Jovens cineastas formados em comunidades carentes chegam ao Festival de Cannes com filme que mostra suas vidas como elas realmente são


08/10/2010



Xandra Stefanel
Revista do Brasil



No verão de 1961, cinco jovens cineastas de classe média subiram morros cariocas e fizeram o filme “5x Favela”. Lá estavam Cacá Diegues, Leon Hirszman, Joaquim Pedro de Andrade, Marcos Farias e Miguel Borges, integrantes do Centro Popular de Cultura (CPC), da União Nacional dos Estudantes (UNE). A obra, hoje difícil de ser vista em locadoras ou cineclubes, tornou-se um marco do cinema nacional como uma das precursoras do Cinema Novo, movimento cinematográfico brasileiro influenciado pelo neorrealismo italiano e pela Nouvelle Vague (nova onda) francesa.

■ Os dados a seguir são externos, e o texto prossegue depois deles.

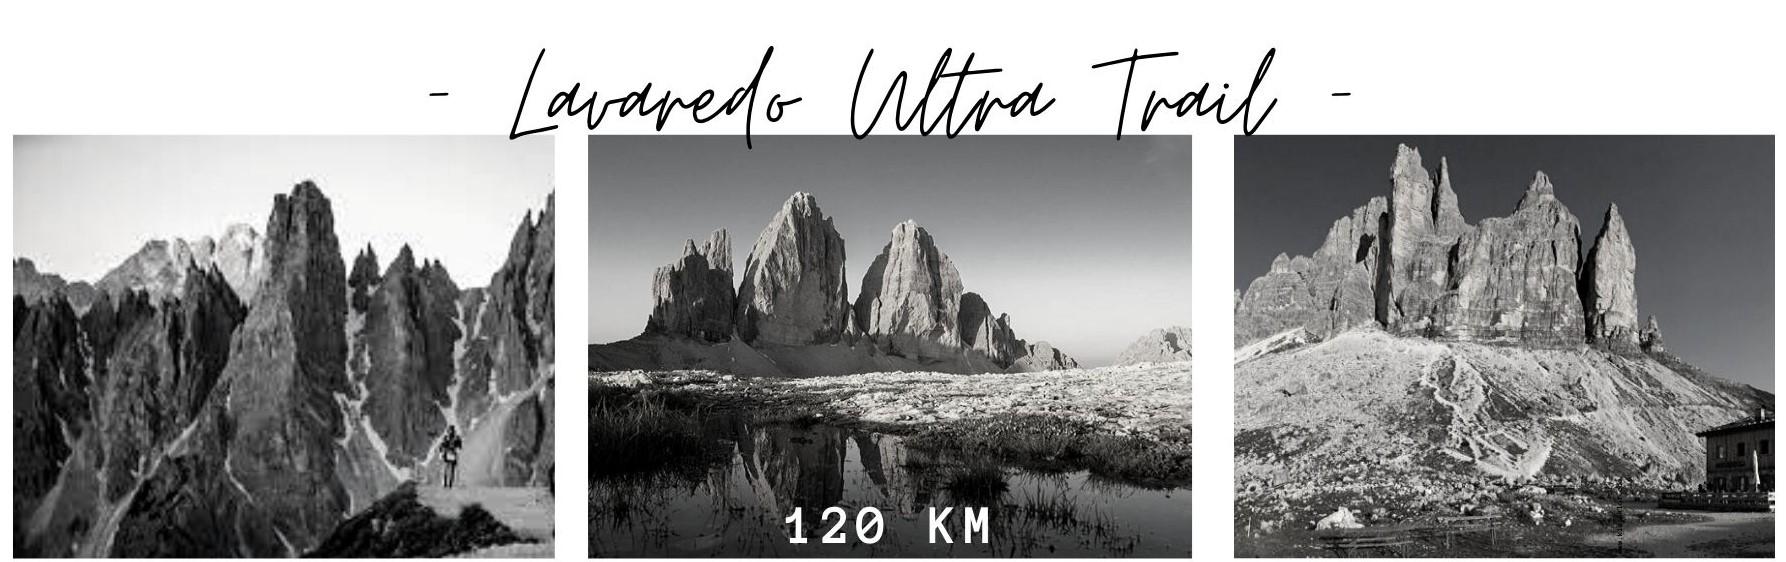 lavaredo ultra trail running

Quase 50 anos e muitos filmes depois, Cacá voltou a subir os morros cariocas. Agora como produtor e na companhia de sete jovens cineastas moradores de comunidades carentes do Rio de Janeiro. O longa-metragem “5x Favela, Agora por Nós Mesmos”, lançado em agosto, tem cinco episódios, assim como o da década de 1960. A diferença é que o olhar dos atuais diretores não é “estrangeiro”: todos moram nos ambientes onde filmaram.

A ideia nasceu na década de 1990, quando Cacá teve o primeiro contato com organizações culturais de várias comunidades e passou a acompanhar os curtas-metragens dos participantes de cursos e oficinas, feitos em câmeras domésticas, editados em programas acessíveis e que circulavam quase que exclusivamente de um núcleo comunitário a outro. Ele e a produtora Renata Almeida Magalhães perceberam que poderiam ajudar a lapidar diamantes e resolveram montar um projeto para proporcionar a esses jovens as mesmas condições de produção de qualquer filme de médio porte e permitir que tivessem acesso à economia formal do cinema.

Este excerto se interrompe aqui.